Ugo Pavesi: Transfluid
When it comes to hybrids, Ugo Pavesi doesn’t want anyone to think that Transfluid does something ‘special’.
Rather the reverse. He simply wants it accepted that “these systems are now just a normal component, something you can buy, in a choice of sizes, complete with warranty, manuals and drawings”.
The change is on its way: the PLA’s latest patrol boat (presented at Seawork International 2018) shows the technology is shedding its early, ‘exotic’ label as it’s to be fitted with a Transfluid hybrid module.
The company has likewise come a long way in a relatively short time. Only five years ago Transfluid started “a very fast development path” said Pavesi: “We couldn’t wait around, we had to get ahead of the larger manufacturers or we’d lose our opening into the market.” So, how did he beat Volvo and Siemens to the punch with more than 50 hybrids launched before the big boys put their offerings into the water?
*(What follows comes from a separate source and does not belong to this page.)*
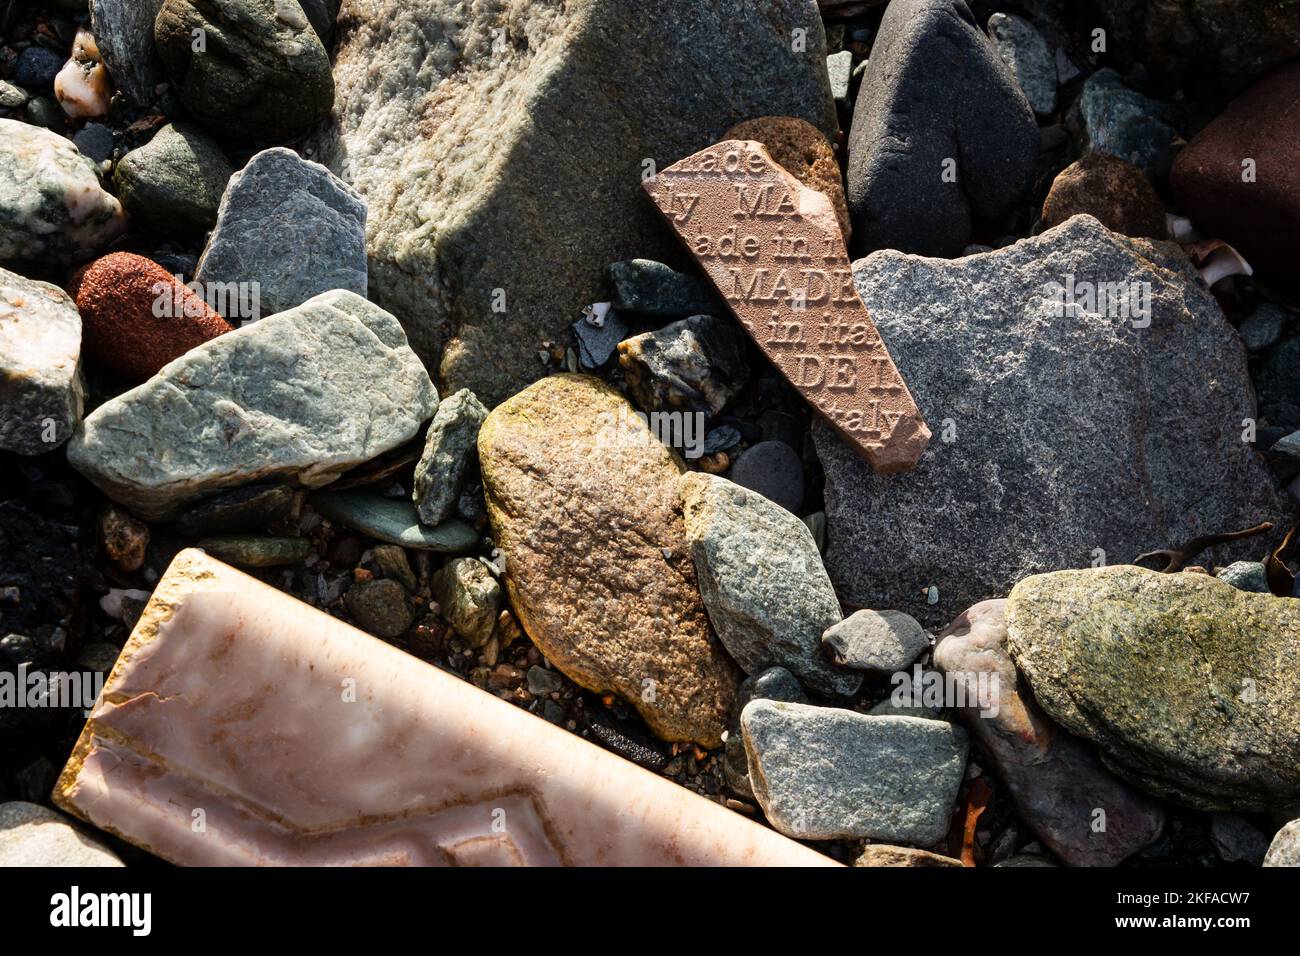 Nahaufnahme von Steinen und Trümmern am Strand mit einem Keramikfragment, das sagt: „Made in Italy“ Stockfoto
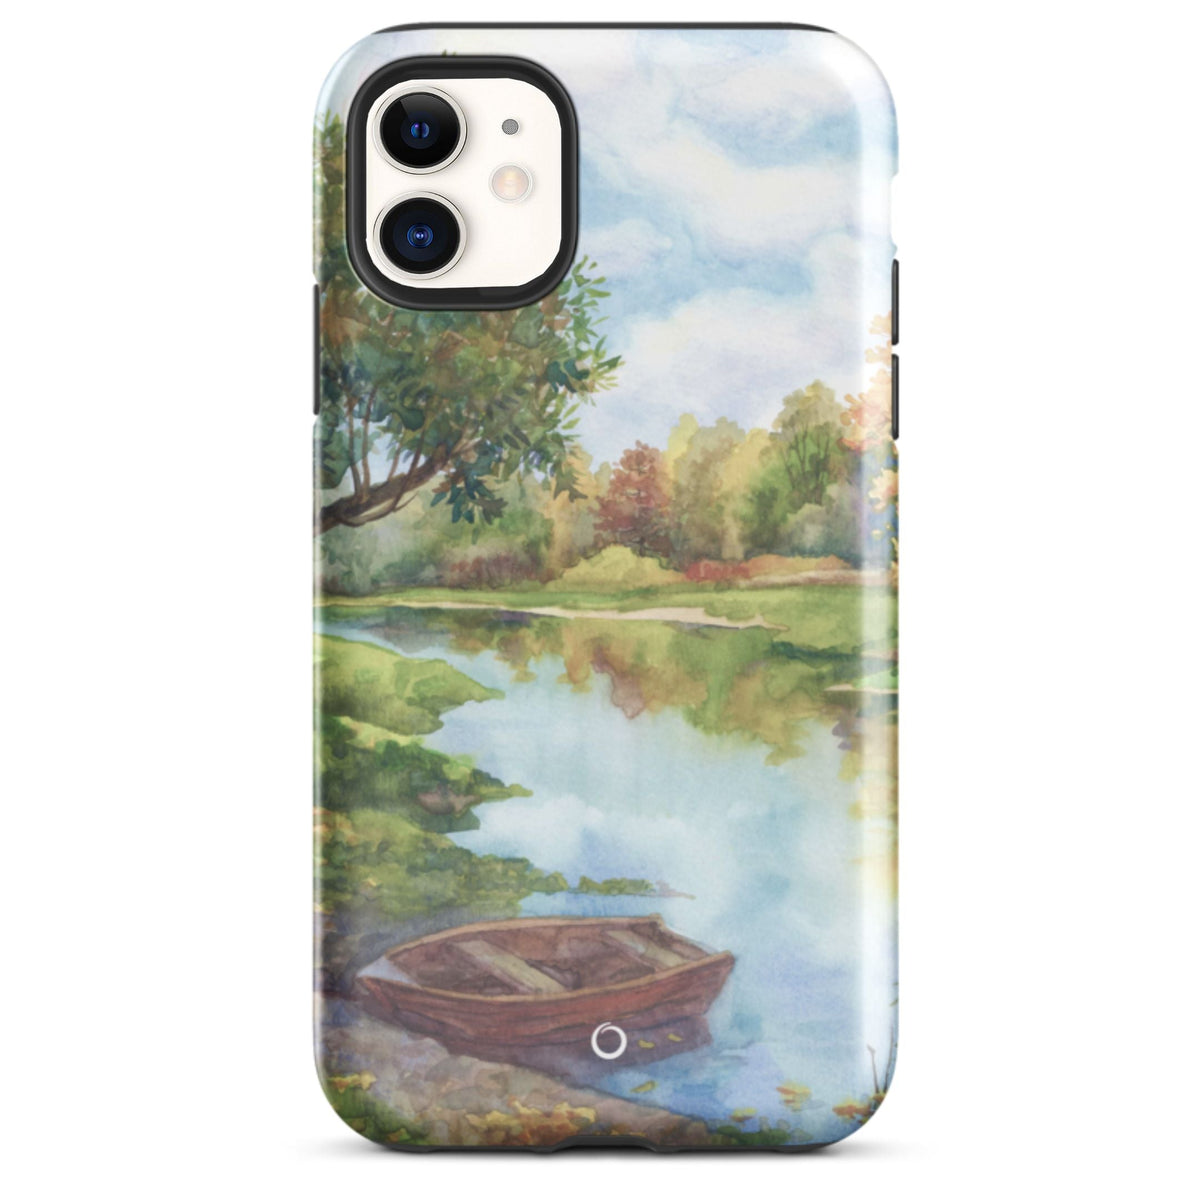 Lakeside Escape iPhone Case - iPhone 12 Mini

The answer is deceptively simple: rather than see a standardised approach to manufacturing as an ‘end goal’, start right there. “We began development keeping strictly to our normal production tools – nothing extra,” he underlined.
Customers helped in more ways than one: “We learned a lot from Bavaria Yachts: they told us they needed a product that could be installed on an assembly line, by workers armed only with a screwdriver and silicon gun. So it had to be plug-and-play. A good exercise.”
Not everything went so smoothly. Keen to gain an early customer, the company took on a contract for a partial, non-integrated hybrid unit – which went badly wrong: “We had a really, really difficult time, the battery supplier washed their hands of it and just walked away. We ended up solving a lot of issues related to a system that, strictly speaking, wasn’t even ours.”
“But,” he said, “We learned. So today we supply the system with a battery.” The tie-in (Transfluid paid for the lab work and type-approval) is unusual but pragmatic: battery-hybrids are so interconnected that it’s sensible this is reflected in relationships between manufacturers. For similar reasons “we also started to manufacture our own permanent magnet electric motors as soon as we made the decision to produce hybrid systems”, since these yield significantly greater efficiency and a smaller footprint.
More recently the company acquired Dutch company Bell Marine, noted for its electric propulsion, which should help break into the city market “particularly Venice and Amsterdam” he said.
While he admitted the technology suffers from a relatively high purchase price (“around half is still the battery”), he believes the electric and hybrid market will grow as all across Europe environmental awareness is rising with regulation not far behind: “When you can’t move a boat around a waterway or lake with a diesel, then people will just absorb the extra cost.”
“I guess it will be like aircon in cars, it used to be an optional extra - but today it’s delivered as standard,” he concluded.